Ağıtlarla duymaya alıştığımız Mezopotamya’nın seslerini aryalarla bize ulaştıran Akbaş bu süreci şöyle anlatıyor: “Akademi İstanbul’da ses eğitimi aldım ve bas bir sesim var. Kürt dilleri familya olarak zaten müzikal bir dil. Operaya da çok iyi gider jazz’a da gider. Yeri geldiğinde bizim tınıları Batı sound’unun içinde tatlandırıcı mantığıyla değerlendirdim ve yeri geldiğinde Batı’nın . Mezopotamya Aryaları ise 2005’te Almanya’ya yerleştiğimde ağırdan ağırdan başladığım bir projeydi. Bizim şarkılara kendimizden de bir şeyler katmaya çalıştık.Yeni bölümler ekledik, klasik ve jazz’la buluşturduk. Çok da ilgi gördü.”

Akbaş anlatırken bir yandan yaptığının geleneksel müzik formlarının dışında bir şey olduğunu düşünüyorum. Tepki almış mıydı? Dinleyiciler müziğine nasıl yaklaşmıştı?
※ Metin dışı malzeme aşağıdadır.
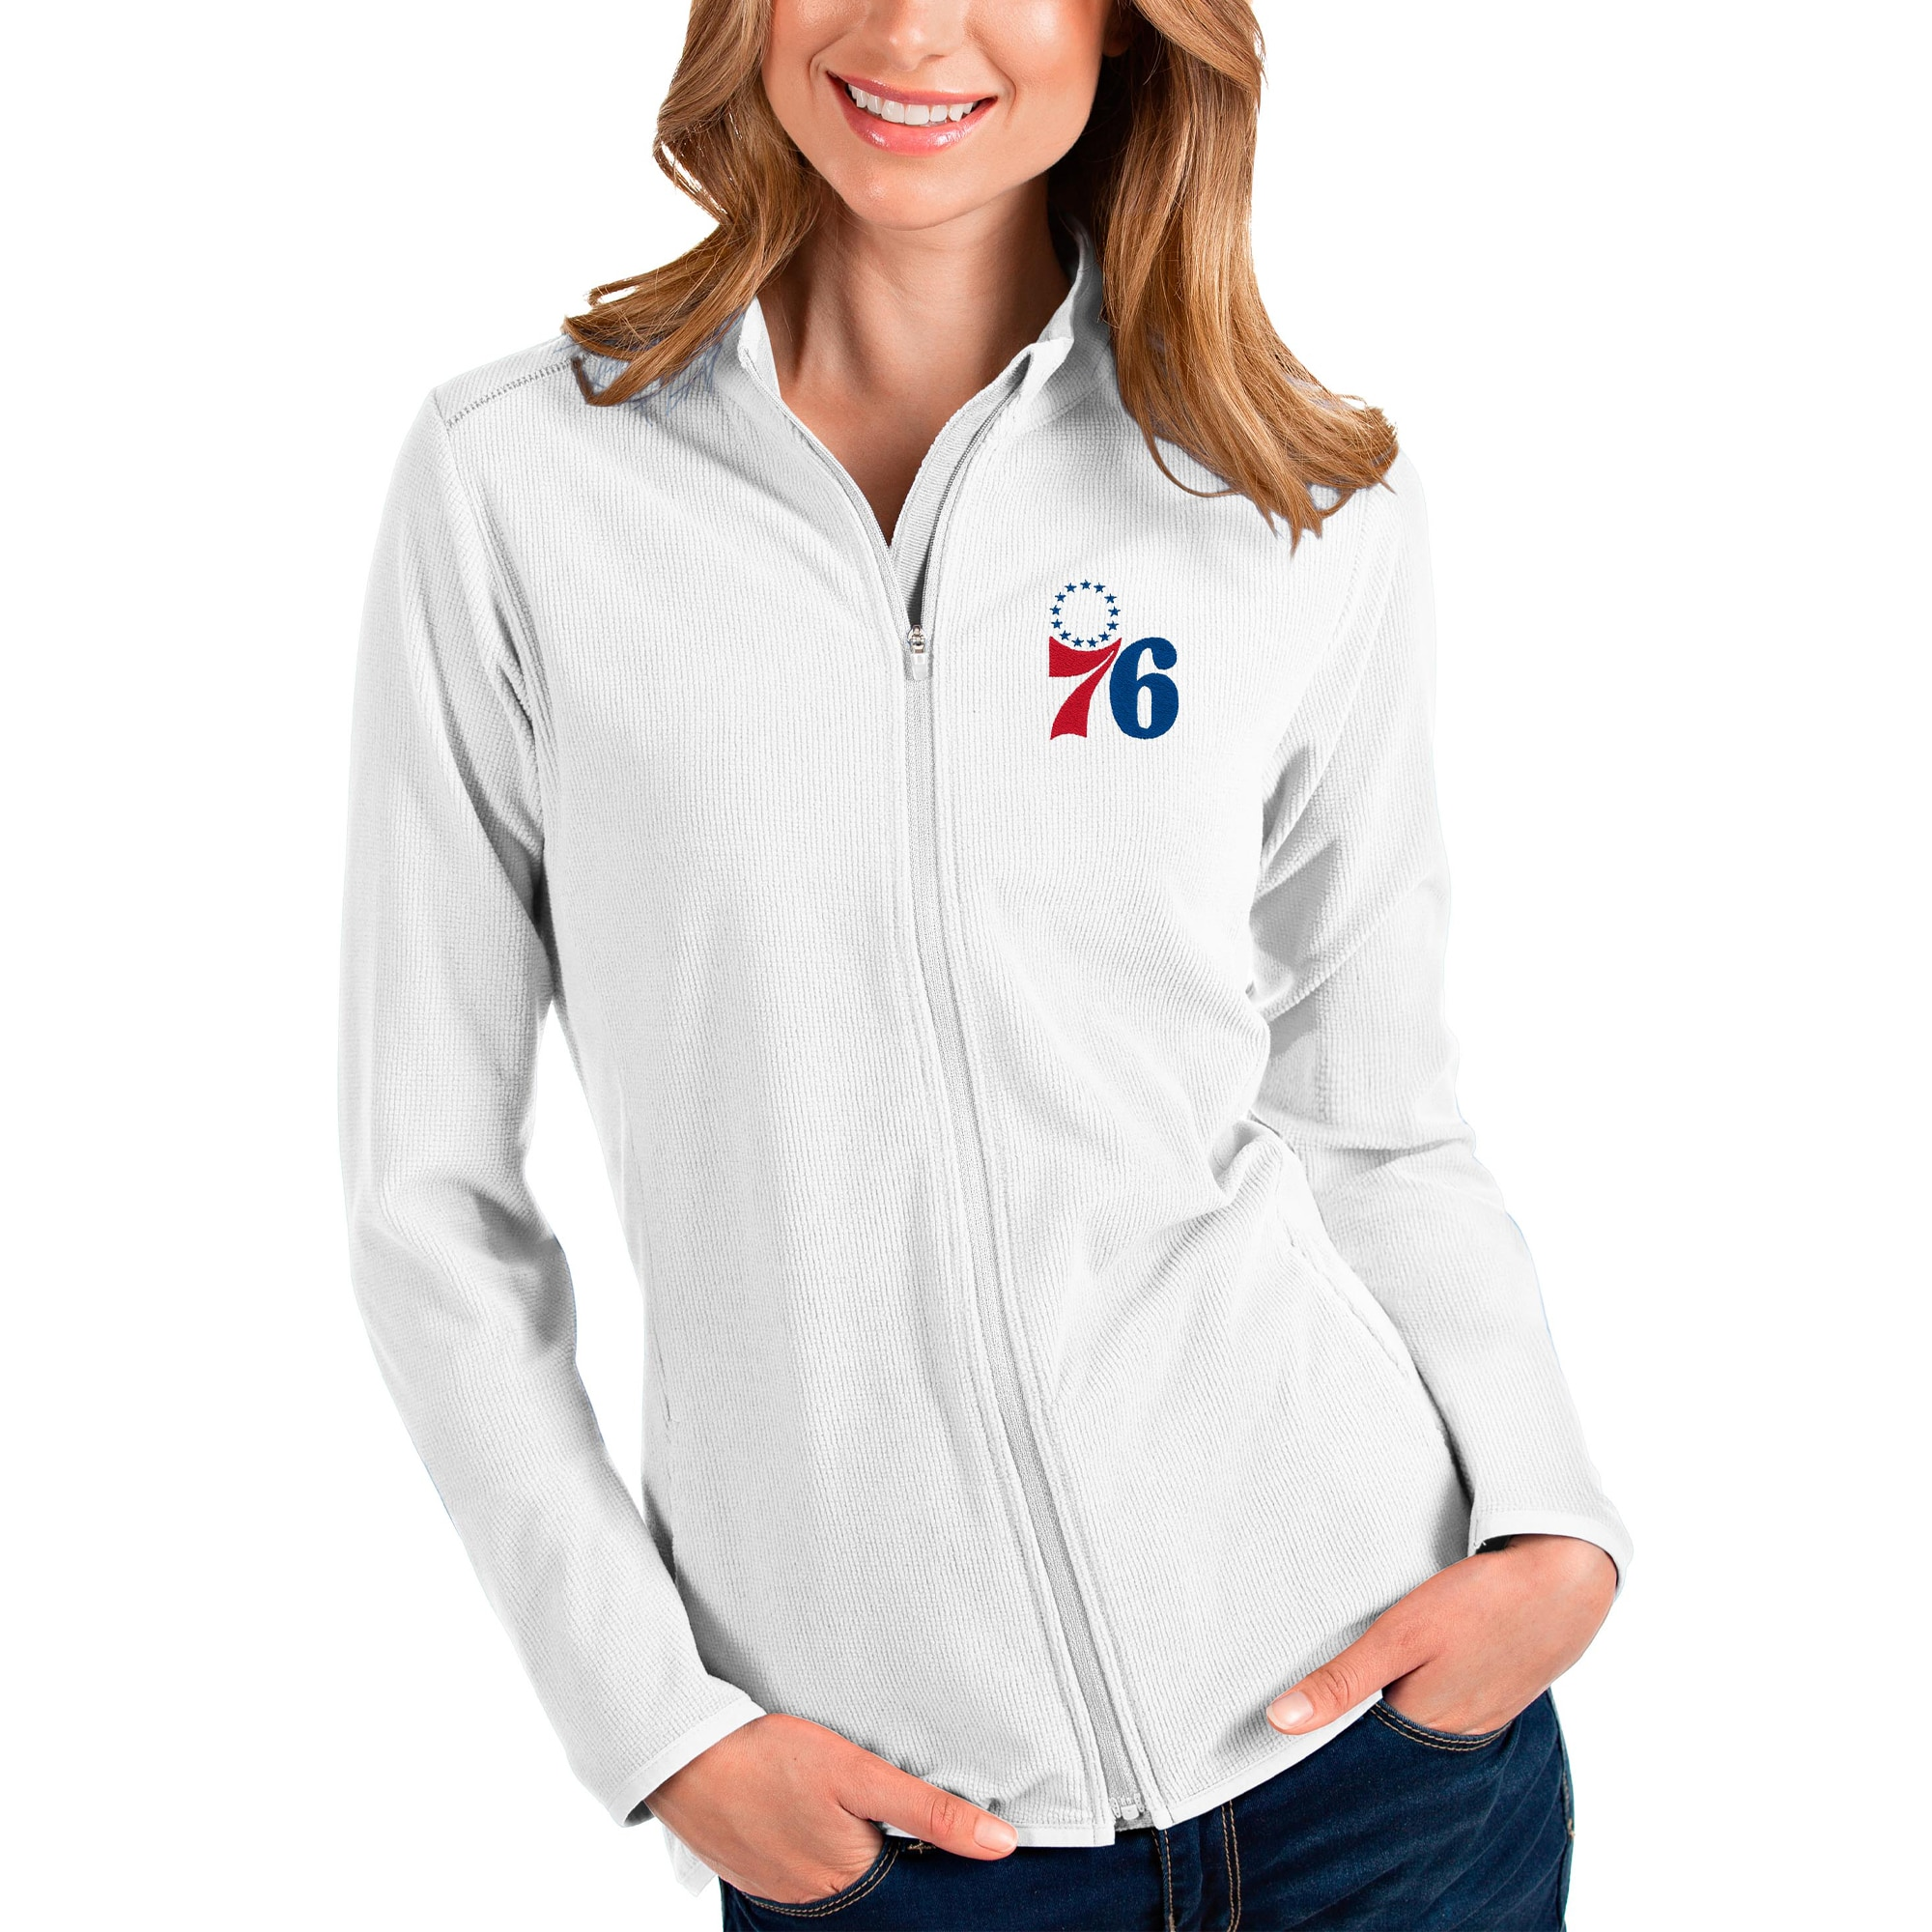 Philadelphia 76ers Antigua Women's Glacier Full-Zip Jacket - White
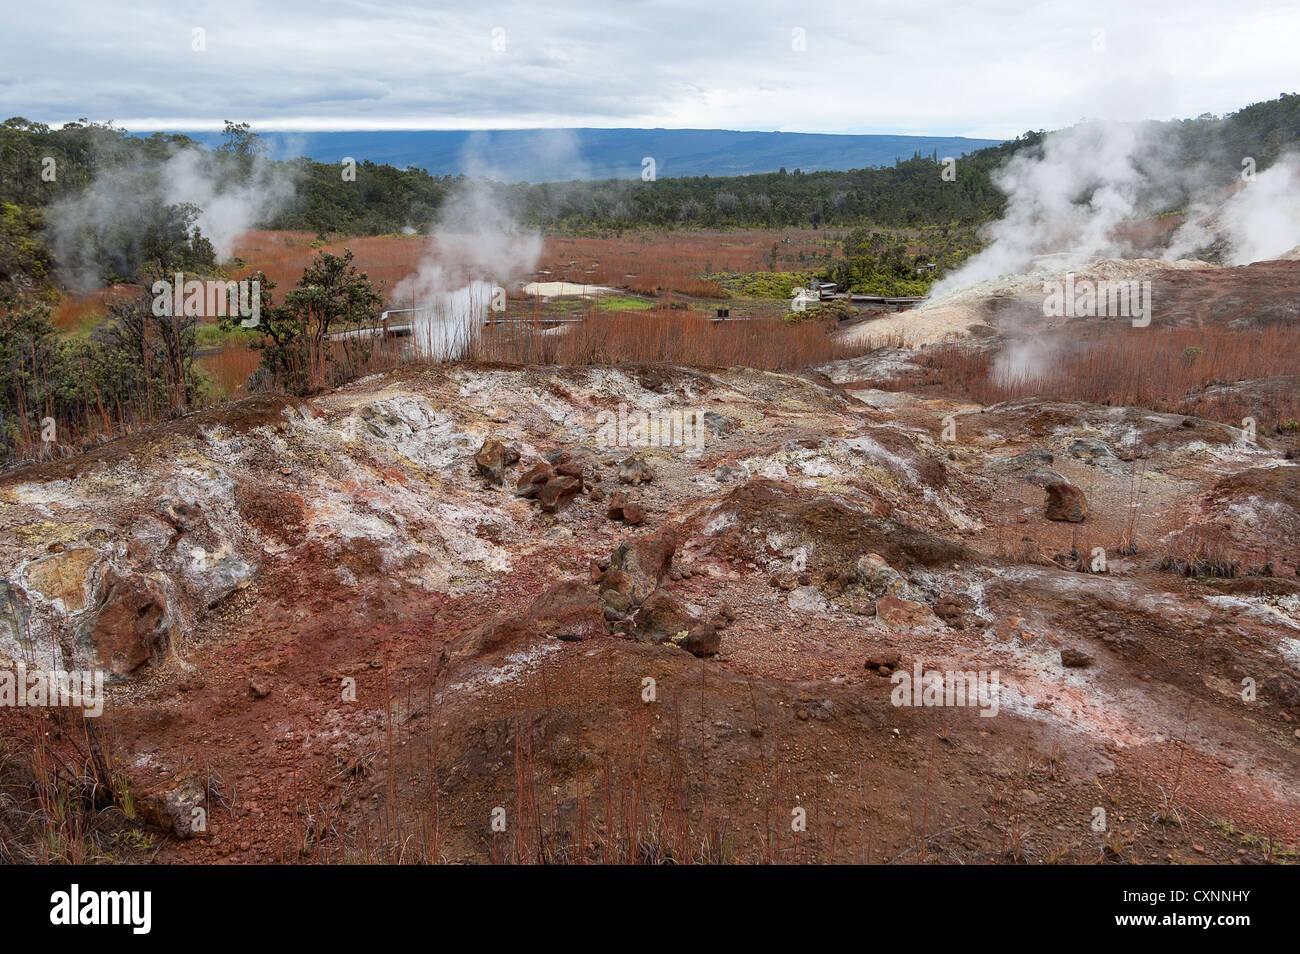 Elk284-2269 Hawaii, Big Island, Volcanoes National Park, Sulphur Banks - Stock Image

“Müzisyensen yaptığın iş kendini yansıtır” diyen Akbaş bu sorularıma kendinden yola çıkarak cevap veriyor: “Geleneksel bir insan değilim. Diğer insanlara farklı geliyorum ve doğal olarak bu müziğime de yansıyor. Arayışlarım, biriktirdiklerim bir şekilde müziğime yansıyor. İnsanların tepkileri ise genelde çok güzel.”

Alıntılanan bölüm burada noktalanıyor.